• **Exercise instructions**:
Copy out exactly the lines from the one containing "Кот баюн рисунок карандашом - 76 фото" to the end of the records below, both included, and nothing else.

Entries taken from a collection
- - - - -

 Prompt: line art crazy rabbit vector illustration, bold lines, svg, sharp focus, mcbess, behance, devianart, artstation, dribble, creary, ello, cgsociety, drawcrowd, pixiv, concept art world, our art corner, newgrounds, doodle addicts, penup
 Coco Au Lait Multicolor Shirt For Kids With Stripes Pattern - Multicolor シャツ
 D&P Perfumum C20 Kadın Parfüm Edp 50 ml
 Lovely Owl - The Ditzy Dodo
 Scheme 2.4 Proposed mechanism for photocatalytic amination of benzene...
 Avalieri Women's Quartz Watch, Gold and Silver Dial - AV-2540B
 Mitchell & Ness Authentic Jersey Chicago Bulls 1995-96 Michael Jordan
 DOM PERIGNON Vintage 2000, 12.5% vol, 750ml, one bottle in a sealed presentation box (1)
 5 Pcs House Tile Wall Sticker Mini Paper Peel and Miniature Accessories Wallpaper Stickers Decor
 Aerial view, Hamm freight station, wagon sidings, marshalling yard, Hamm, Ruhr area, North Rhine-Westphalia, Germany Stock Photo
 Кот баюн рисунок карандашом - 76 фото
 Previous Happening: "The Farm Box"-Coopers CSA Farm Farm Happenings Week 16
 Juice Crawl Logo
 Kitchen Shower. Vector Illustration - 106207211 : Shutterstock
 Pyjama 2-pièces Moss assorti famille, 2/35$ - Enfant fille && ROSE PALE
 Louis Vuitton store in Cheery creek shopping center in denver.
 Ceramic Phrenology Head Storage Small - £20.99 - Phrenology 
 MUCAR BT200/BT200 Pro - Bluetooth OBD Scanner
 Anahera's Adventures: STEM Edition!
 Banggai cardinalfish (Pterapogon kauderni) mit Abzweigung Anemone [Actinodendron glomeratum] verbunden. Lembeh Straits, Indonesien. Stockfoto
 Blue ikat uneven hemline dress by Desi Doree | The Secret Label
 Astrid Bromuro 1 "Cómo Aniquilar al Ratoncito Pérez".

- - - - -

• **Task solution**:
 Кот баюн рисунок карандашом - 76 фото
 Previous Happening: "The Farm Box"-Coopers CSA Farm Farm Happenings Week 16
 Juice Crawl Logo
 Kitchen Shower. Vector Illustration - 106207211 : Shutterstock
 Pyjama 2-pièces Moss assorti famille, 2/35$ - Enfant fille && ROSE PALE
 Louis Vuitton store in Cheery creek shopping center in denver.
 Ceramic Phrenology Head Storage Small - £20.99 - Phrenology 
 MUCAR BT200/BT200 Pro - Bluetooth OBD Scanner
 Anahera's Adventures: STEM Edition!
 Banggai cardinalfish (Pterapogon kauderni) mit Abzweigung Anemone [Actinodendron glomeratum] verbunden. Lembeh Straits, Indonesien. Stockfoto
 Blue ikat uneven hemline dress by Desi Doree | The Secret Label
 Astrid Bromuro 1 "Cómo Aniquilar al Ratoncito Pérez".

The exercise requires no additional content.